Work instructions: Leave the pictures out and quote every line from the start of the listing to the line with "OEM Sportswear High", inclusive.

Supplied material:
══════

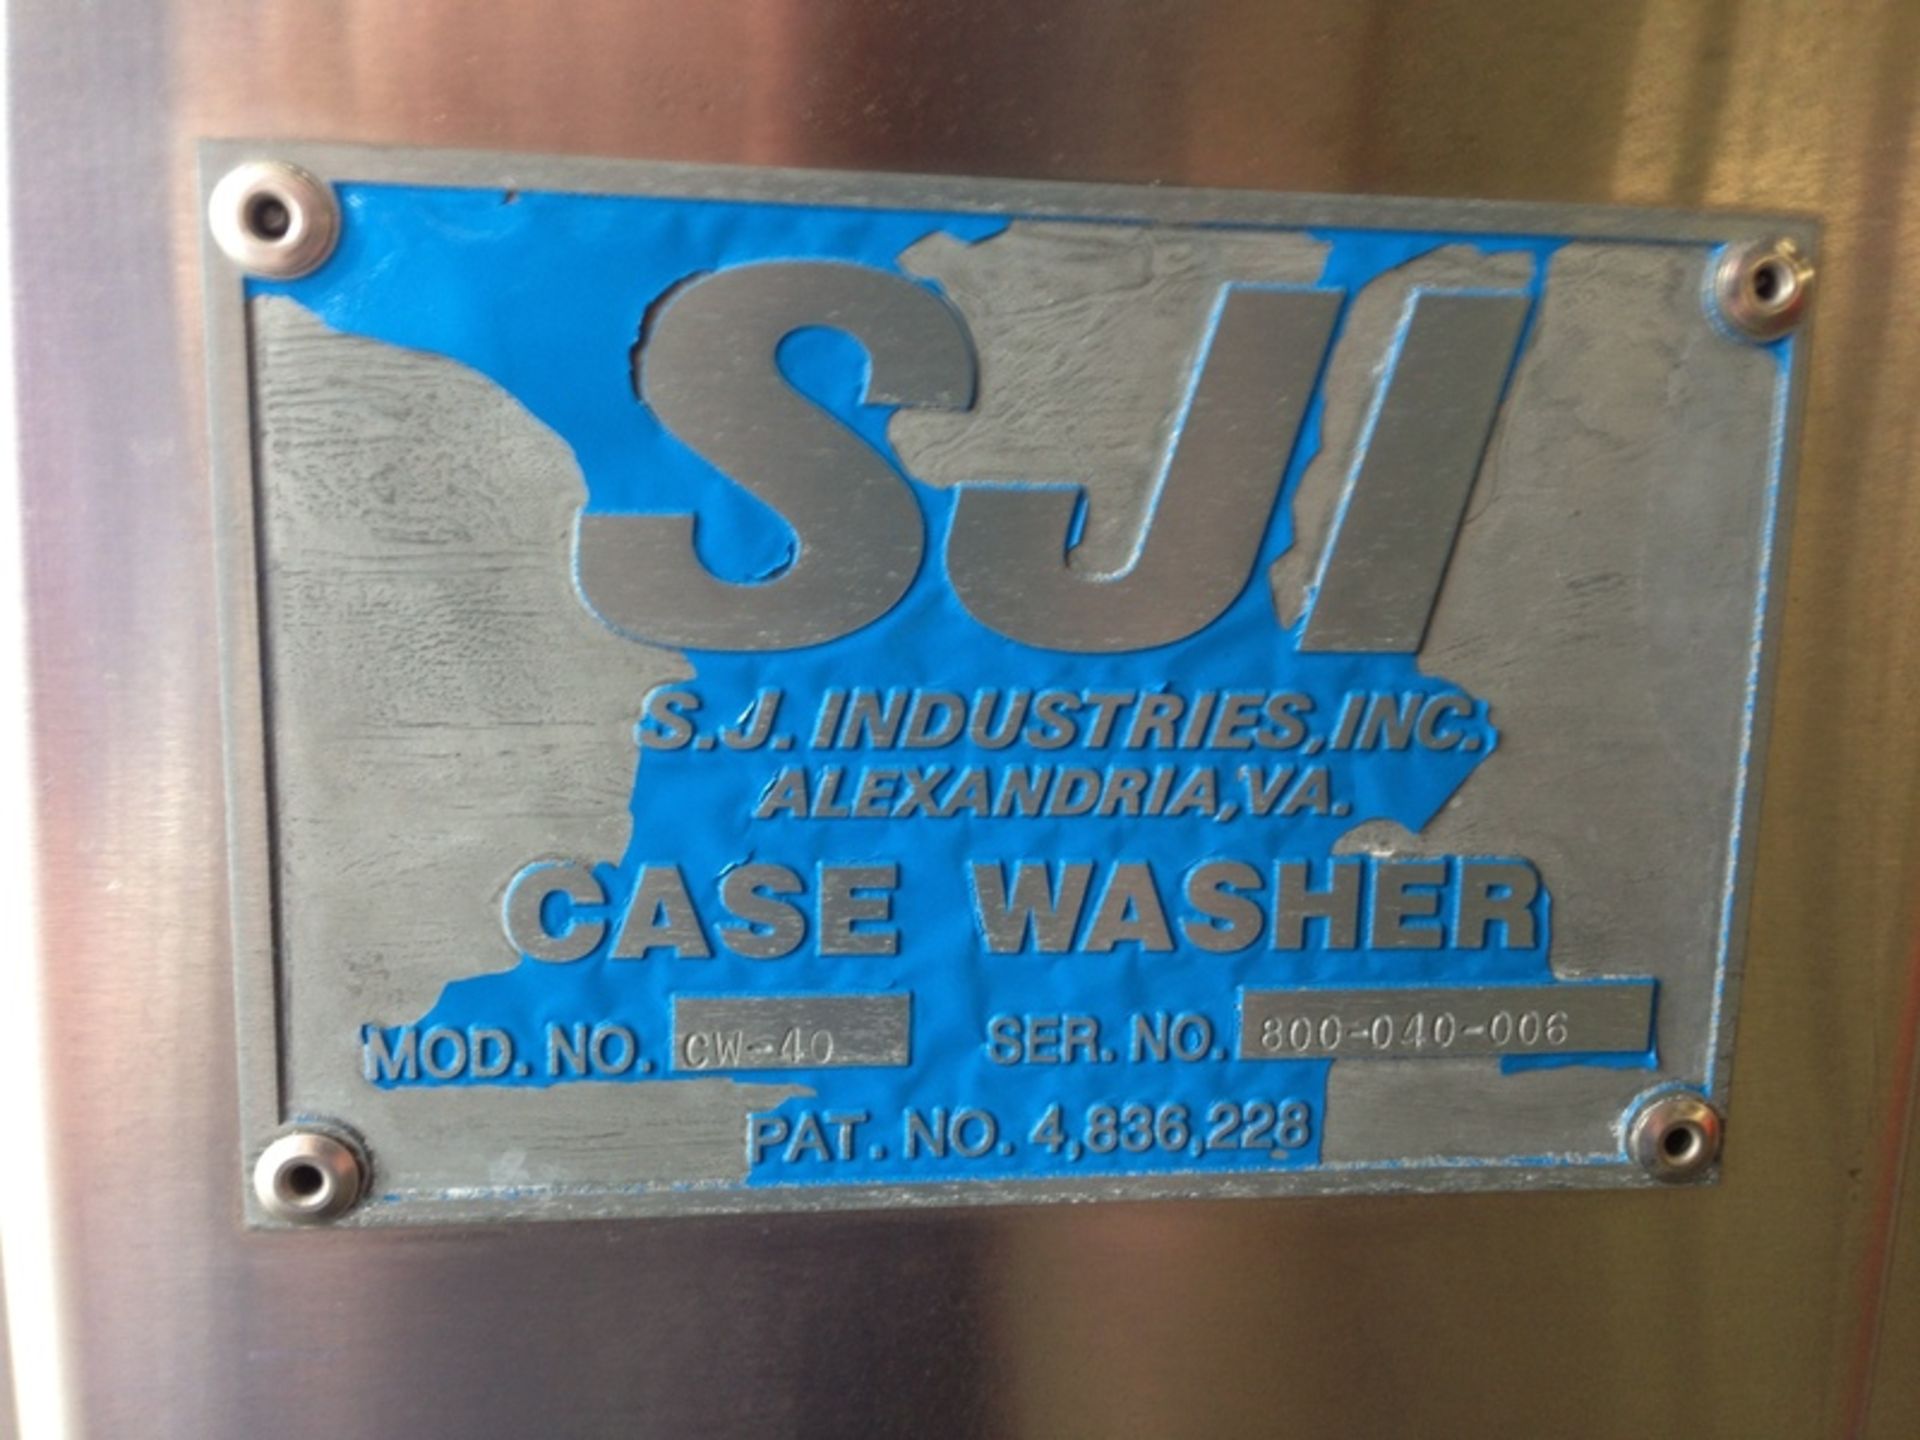 SJI Case Washer, Model CW-40, S/N: 800-040-006, Blower motors: 75Hp, 460V, 60Hz, 3Ph, Dims: 26' L - Image 4 of 5
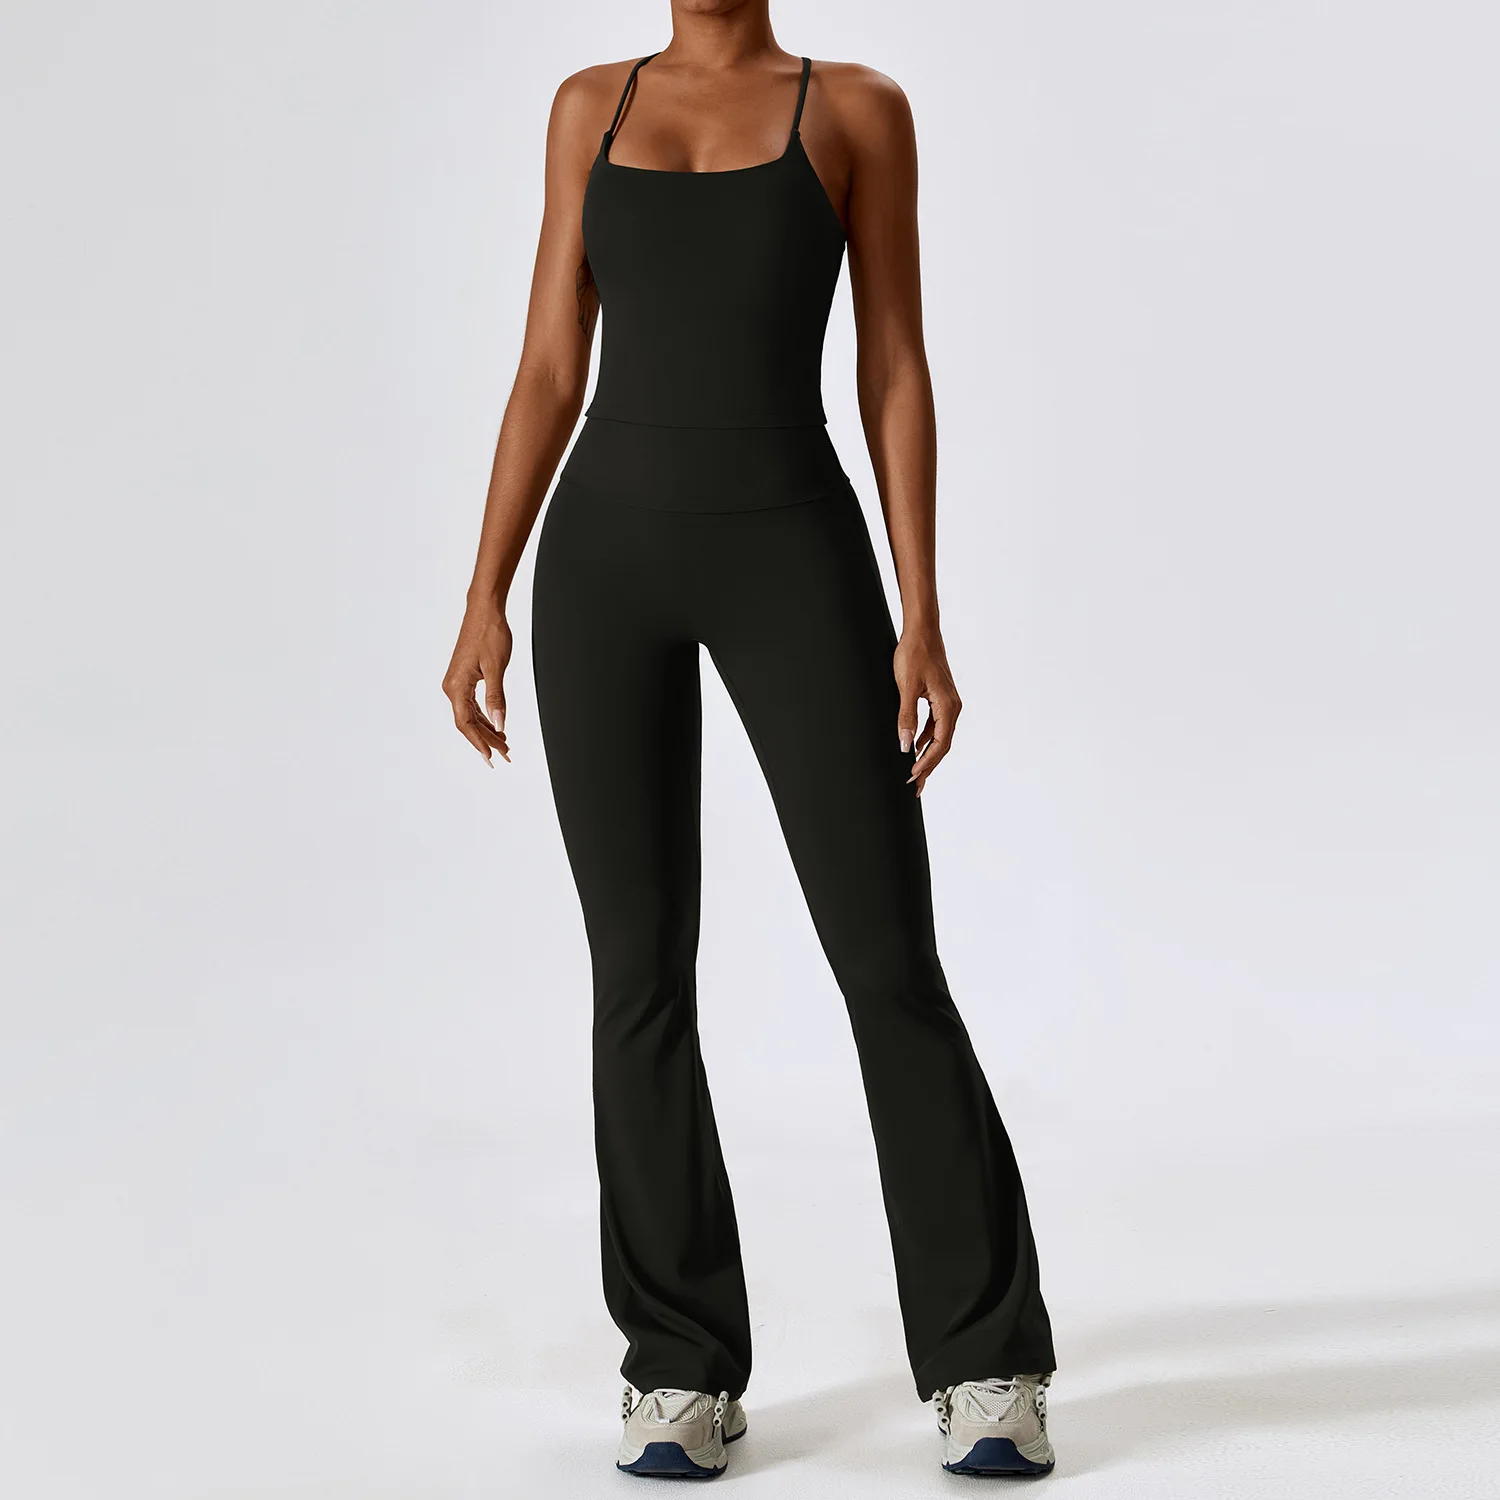 OEM Sportswear High Quality Sport Bra Leggings Yoga Suit Plus Size Workout Gym Fitness Sets For Women
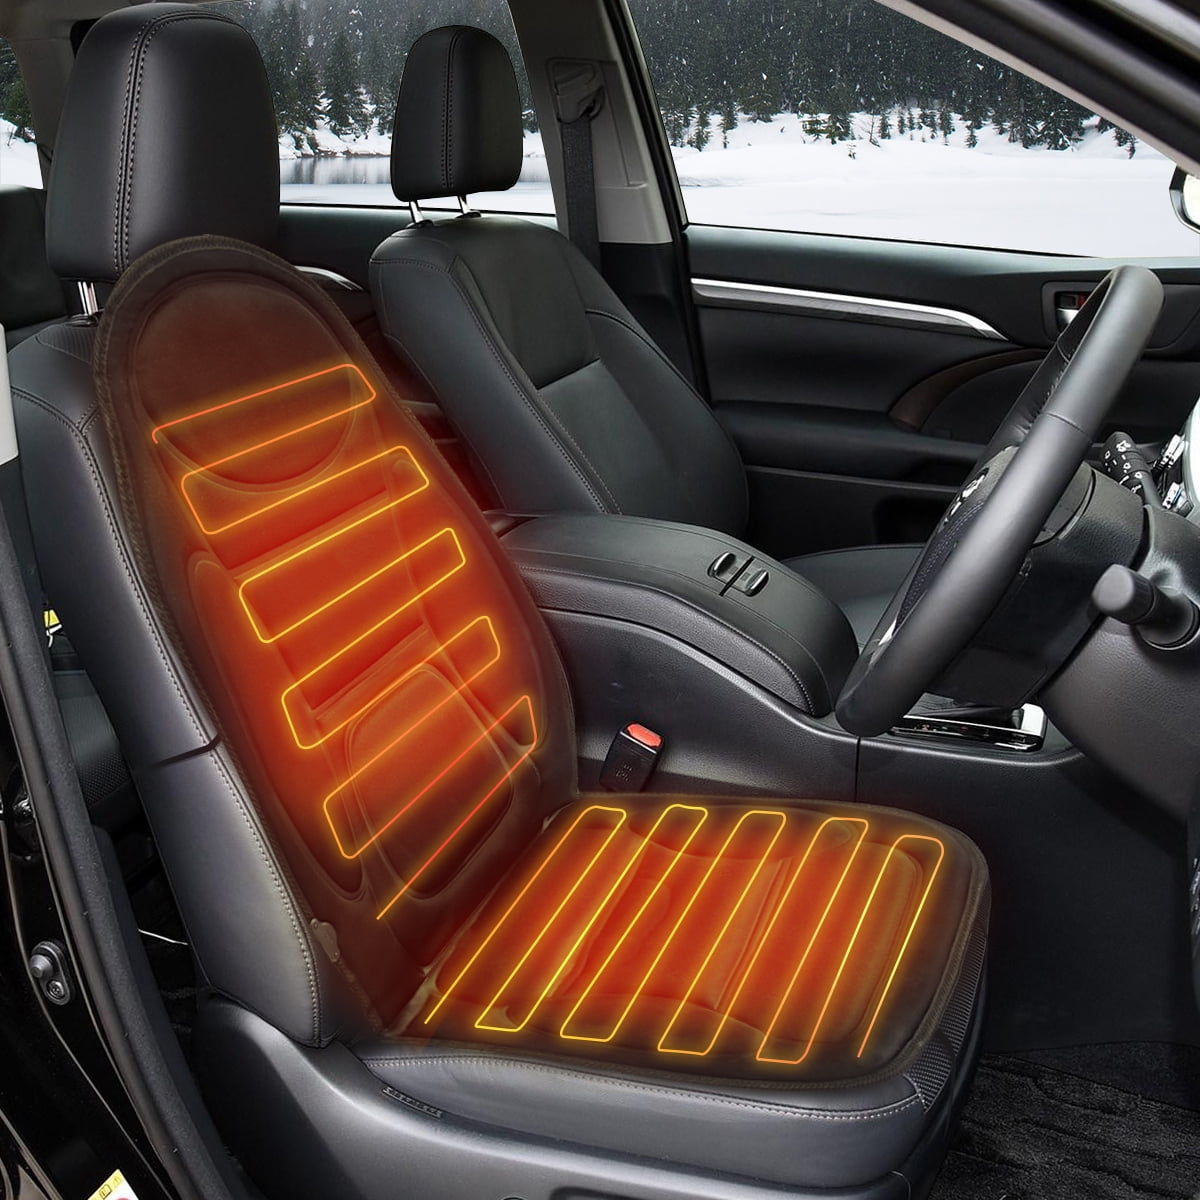 YSH 12V Heated Car Seat Cushion Fiber Cover Mat Seat Heater Warmer Winter Cushion Cardriver Heated Seat Pad,Abeige

══════

Written response:
 SJI Case Washer, Model CW-40, S/N: 800-040-006, Blower motors: 75Hp, 460V, 60Hz, 3Ph, Dims: 26' L - Image 4 of 5
 OEM Sportswear High Quality Sport Bra Leggings Yoga Suit Plus Size Workout Gym Fitness Sets For Women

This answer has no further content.